Prevent this: make life easier for the client and yourself at the same time
So, in the previous article, we started working with messages in the product, which allows you to quickly and accurately find out what errors and warnings the user most often sees. Which, in particular, allows you to catch and fix problems that are difficult to reproduce on a command, such as timeouts or abuse of the Cancel button. In the same article, we will talk about how to convey to the user also a solution to the problem before he contacts technical support - good, for this we need very little: the existing message registry, knowledge base and one small change in the GUI.Point one: we are finalizing the message registry
Participants: analyst, chief knowledge base.
Suppose that we built the message registry the previous time, and now all of our APP_ERR and APP_WARN are arranged in orderly rows in Excel. For each of the messages we generate a link of the form yourdomain.com/app_err_1 and beyond. Then we catch the person responsible for the knowledge base and ask what he can offer us. As the practice of our company has shown, approximately 70% of messages are closed by existing articles written on the basis of technical support calls. You will have to think about the rest, but, as a rule, there is something to say for each warning or error.
So, another column is added to the list of posts with brief descriptions of the context and our brand new links: links to relevant articles.
Point Two: Implementation
Participants: analyst, product programmer, head of the web server.
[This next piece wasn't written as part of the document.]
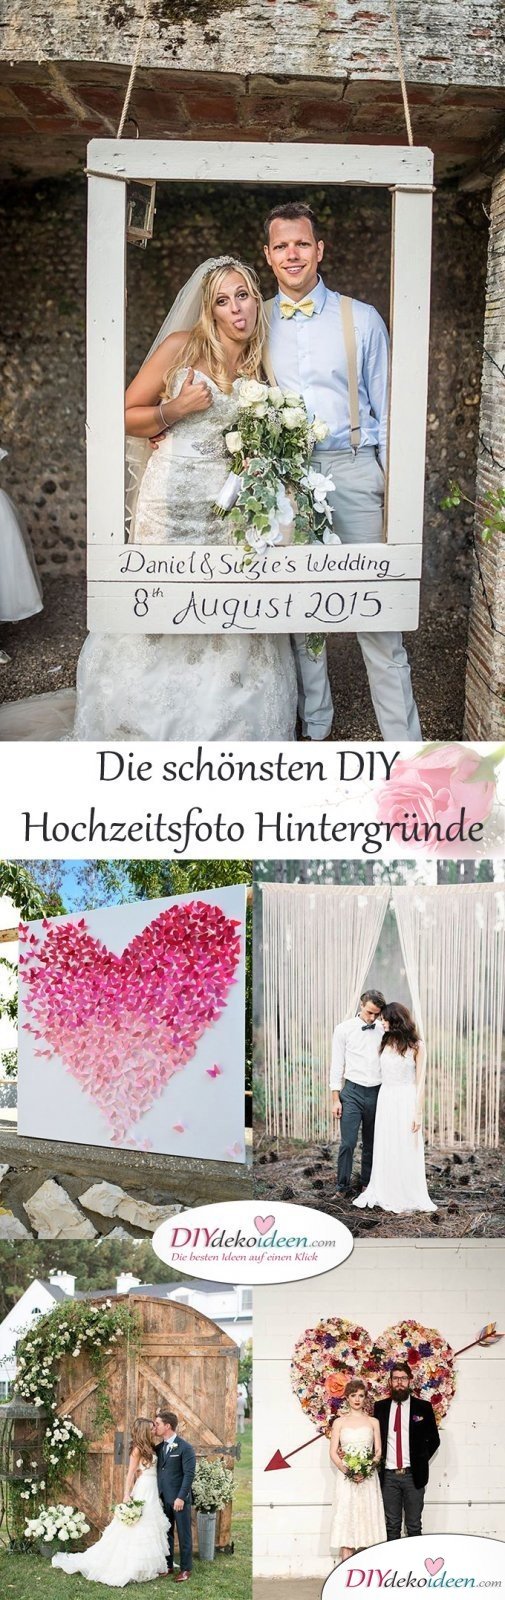  DIY Dekoideen für den perfekten Hochzeitsfoto Hintergrund

Time to put both sets of links into action. One of them, which is yourdomain.com/app_err_1, is inserted into the actual messages from the product - under the words “Read more”, for example, or “Help me fix the problem”. The second set - real links to articles - will work as a redirect for the first, under which there are no real pages on the server.
Why are we doing this
It is unlikely that any of the users will decide to have fun reading articles from the knowledge base just to take something on a winter evening. As a rule, technical documentation comes into play when something has already happened or is already incomprehensible. Providing a link to the article directly in the context of what happened, we help a person understand what is happening without unnecessary efforts and search first for the knowledge base, and then for the knowledge base. Moreover, choosing an article for each specific message, we can direct the user to the optimal solution from the existing ones.
Why do we do it like this
A system with two links and a redirect between them completely relieves us of binding to the GUI - to assemblies, releases, localizations, and other slow things. It is much easier to have a set of static links in the interface, under which any necessary article is dynamically attached.
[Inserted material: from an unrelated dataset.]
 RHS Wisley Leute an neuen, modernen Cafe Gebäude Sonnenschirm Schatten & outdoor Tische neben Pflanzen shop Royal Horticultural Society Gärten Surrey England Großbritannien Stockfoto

The same system is great for emergency notifications. If something in the program went wrong, and a million users in the world receive error number 125 daily from you, with one command on the web server you put a fresh article with repair instructions for yourdomain.com/app_err_125, and technical support sighs with relief. When the problem has exhausted itself, another command on the web server returns its familiar main article to the link.
And further
The use of such a system implies a rather close monitoring of the articles involved in it: since they automatically turn into the most visited, it would be better to keep them in good shape, update, polish and put gloss in every possible way. But the same system helps to do this. Almost all technical support programs allow you to associate articles from knowledge bases with applications from users. After reviewing the applications associated with a particular article, you can understand how and why in this situation the user came to tech support at all: didn’t notice the link? could not apply the described solution? didn't it work? - and take action right there.
Thus, at the cost of a small one-time effort, all participants in the process, from programmers to users, can save a lot of time, money and nerves, as well as make many useful conclusions for themselves.